───── Listed entries ─────

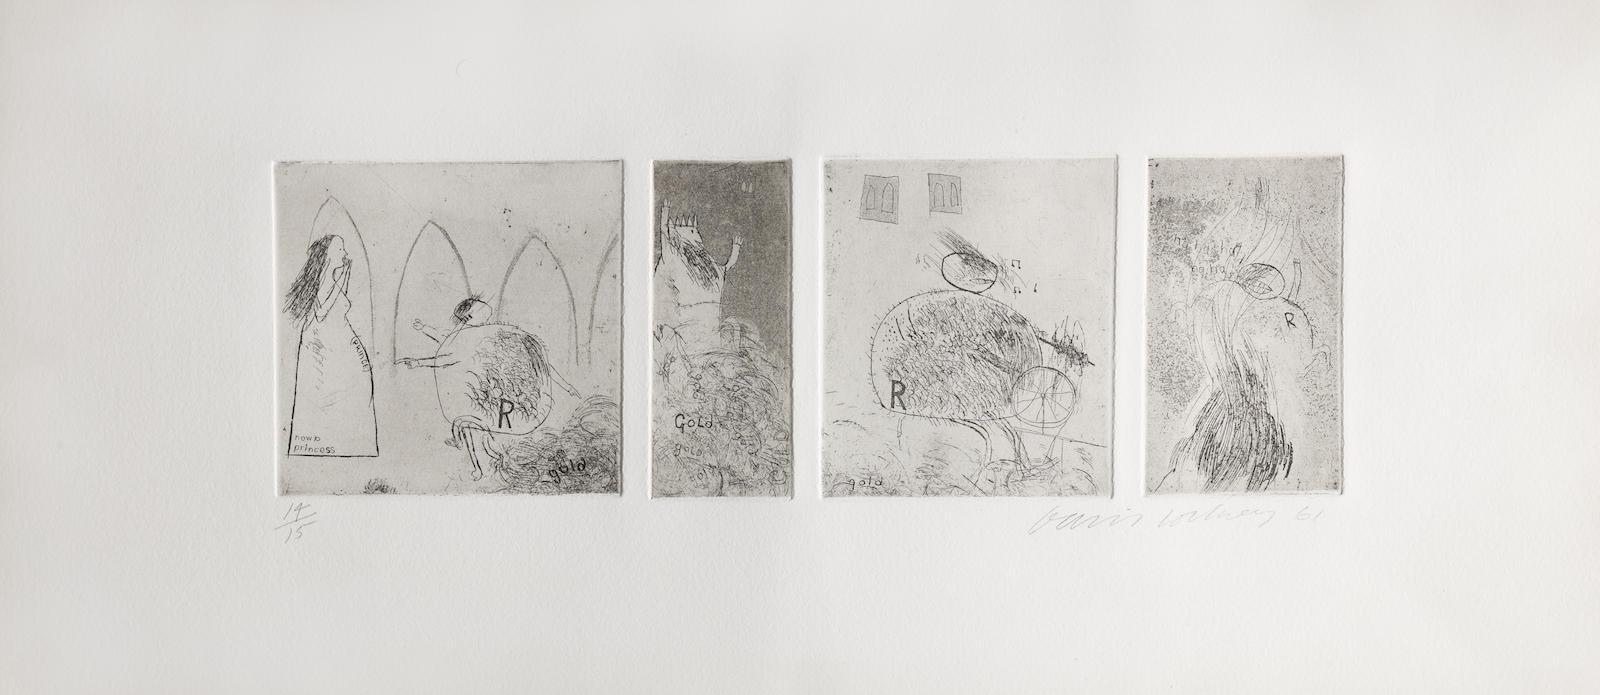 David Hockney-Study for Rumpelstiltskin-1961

─────
───── Listed entries ─────

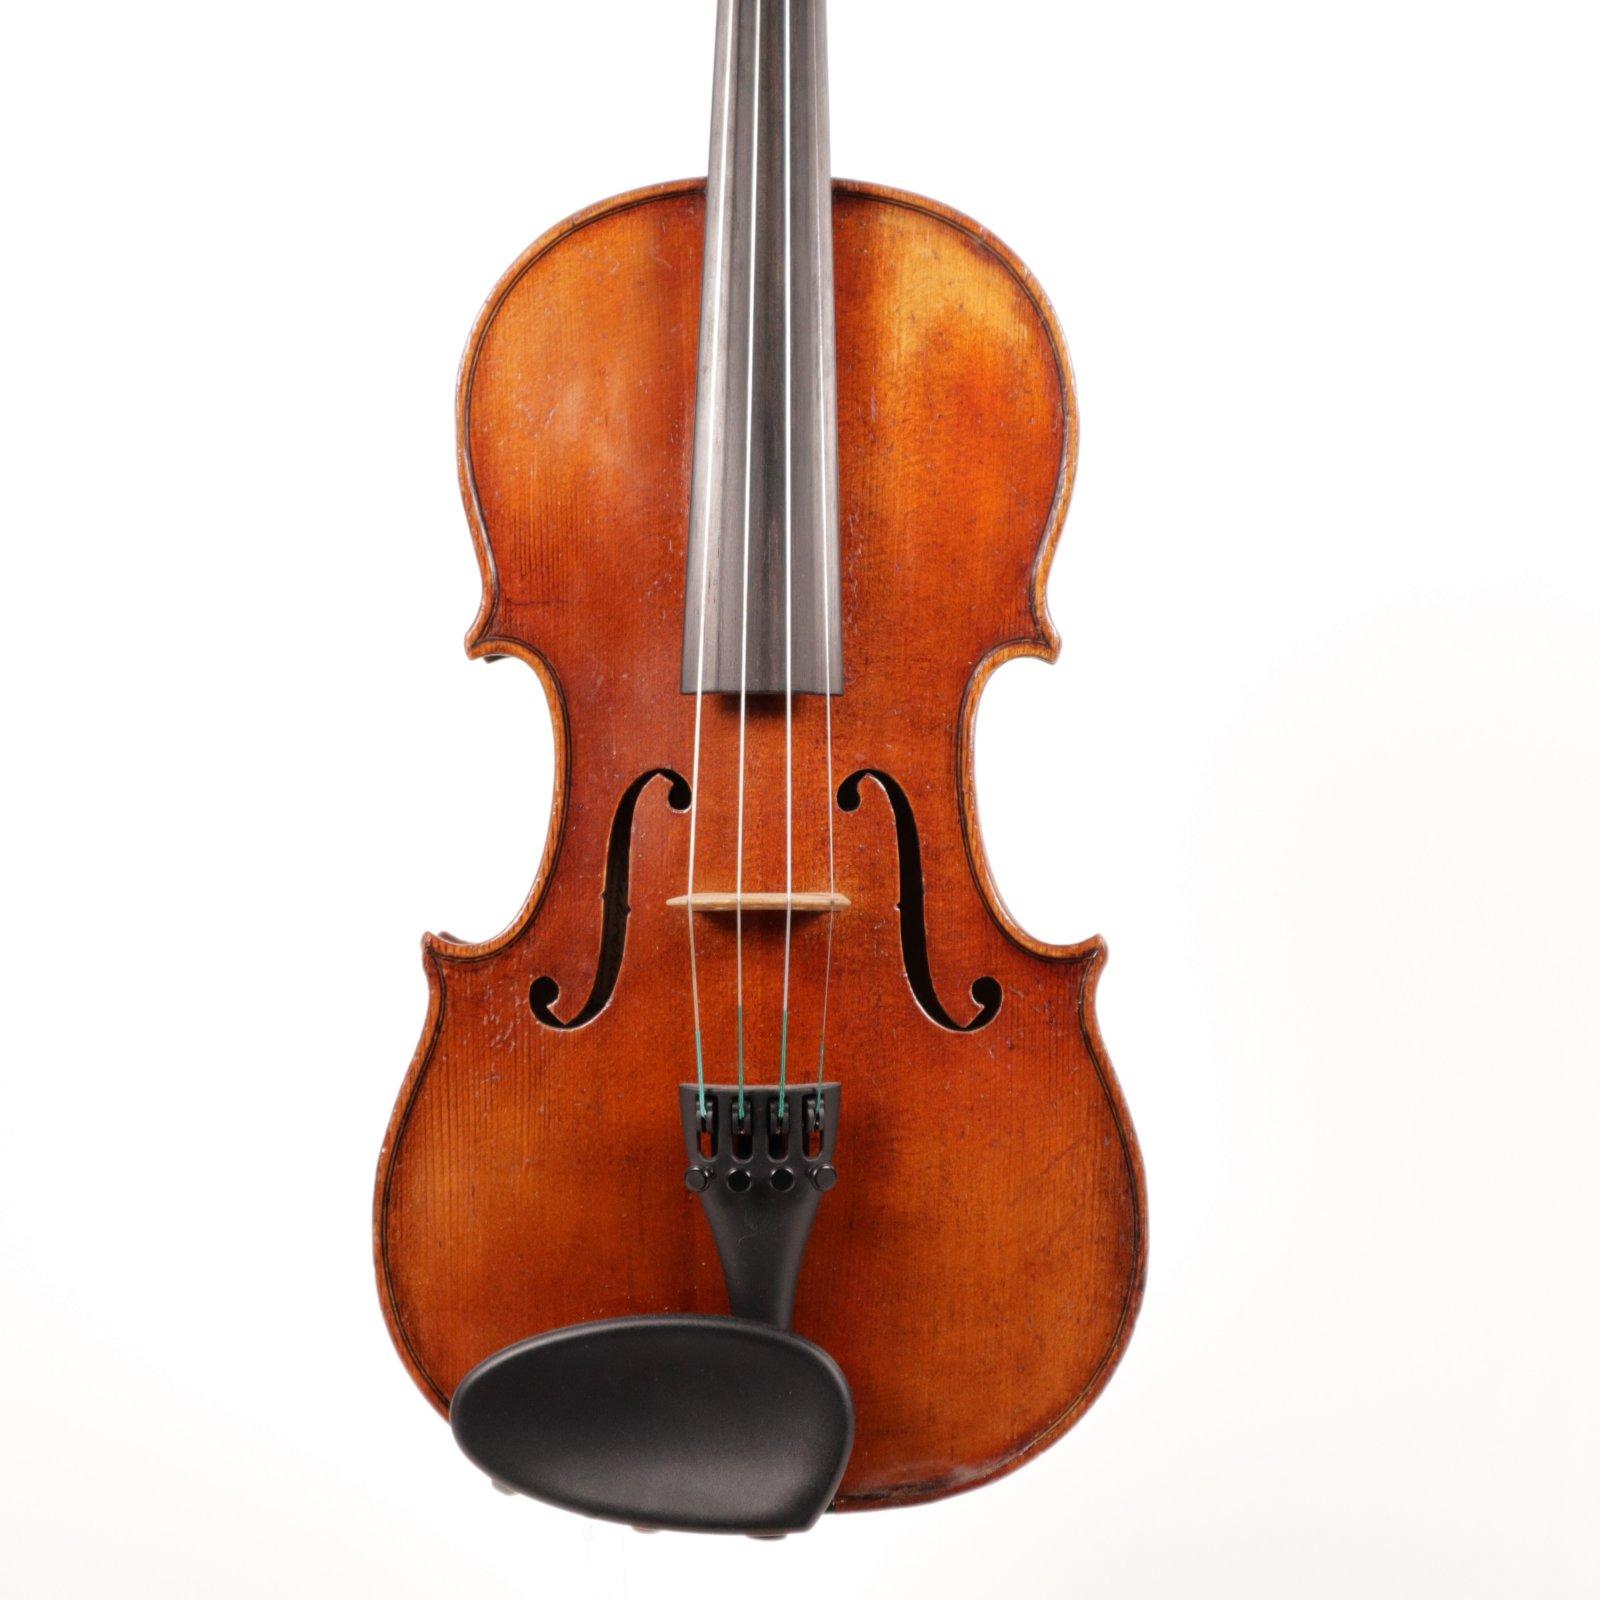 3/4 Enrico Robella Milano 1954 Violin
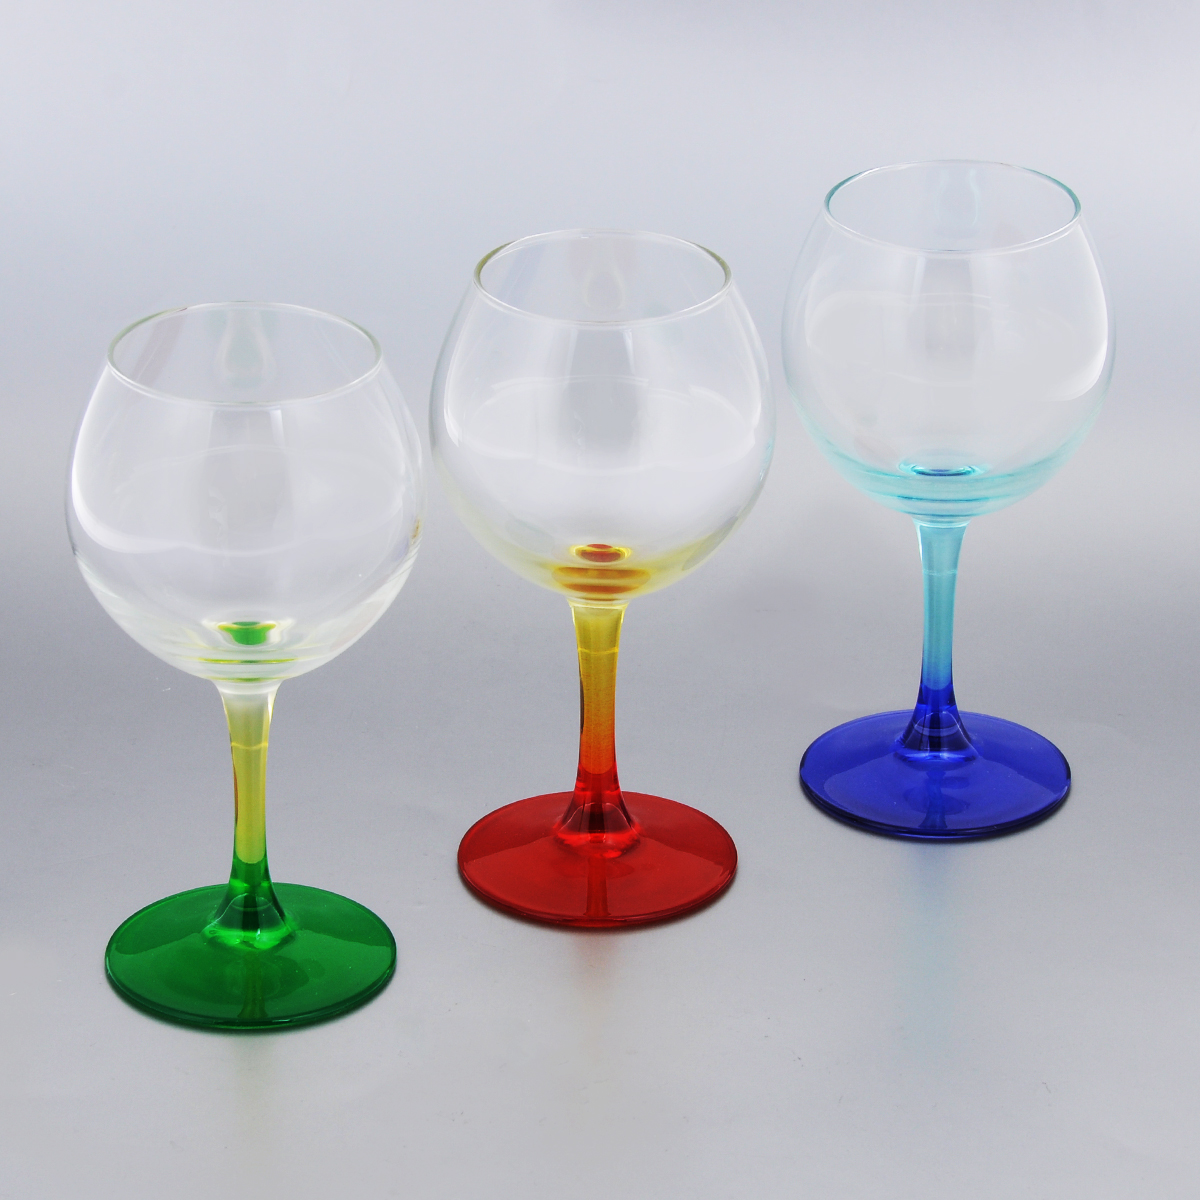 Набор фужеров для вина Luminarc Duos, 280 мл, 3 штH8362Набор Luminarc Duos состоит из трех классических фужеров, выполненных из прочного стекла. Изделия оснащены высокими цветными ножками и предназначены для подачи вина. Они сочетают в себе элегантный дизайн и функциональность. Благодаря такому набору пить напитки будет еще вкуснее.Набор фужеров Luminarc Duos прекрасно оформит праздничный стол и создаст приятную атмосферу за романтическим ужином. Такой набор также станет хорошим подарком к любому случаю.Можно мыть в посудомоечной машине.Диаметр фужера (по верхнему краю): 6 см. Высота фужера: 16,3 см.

─────

(Your goal): Exactly the lines above, from the one containing "3/4 Enrico Robella Milano 1954 Violin" down to the one containing "Набор фужеров для", are to be repeated, including both ends. Pictures are not part of the copy.

(Answer area):
 3/4 Enrico Robella Milano 1954 Violin
 Набор фужеров для вина Luminarc Duos, 280 мл, 3 штH8362Набор Luminarc Duos состоит из трех классических фужеров, выполненных из прочного стекла. Изделия оснащены высокими цветными ножками и предназначены для подачи вина. Они сочетают в себе элегантный дизайн и функциональность. Благодаря такому набору пить напитки будет еще вкуснее.Набор фужеров Luminarc Duos прекрасно оформит праздничный стол и создаст приятную атмосферу за романтическим ужином. Такой набор также станет хорошим подарком к любому случаю.Можно мыть в посудомоечной машине.Диаметр фужера (по верхнему краю): 6 см. Высота фужера: 16,3 см.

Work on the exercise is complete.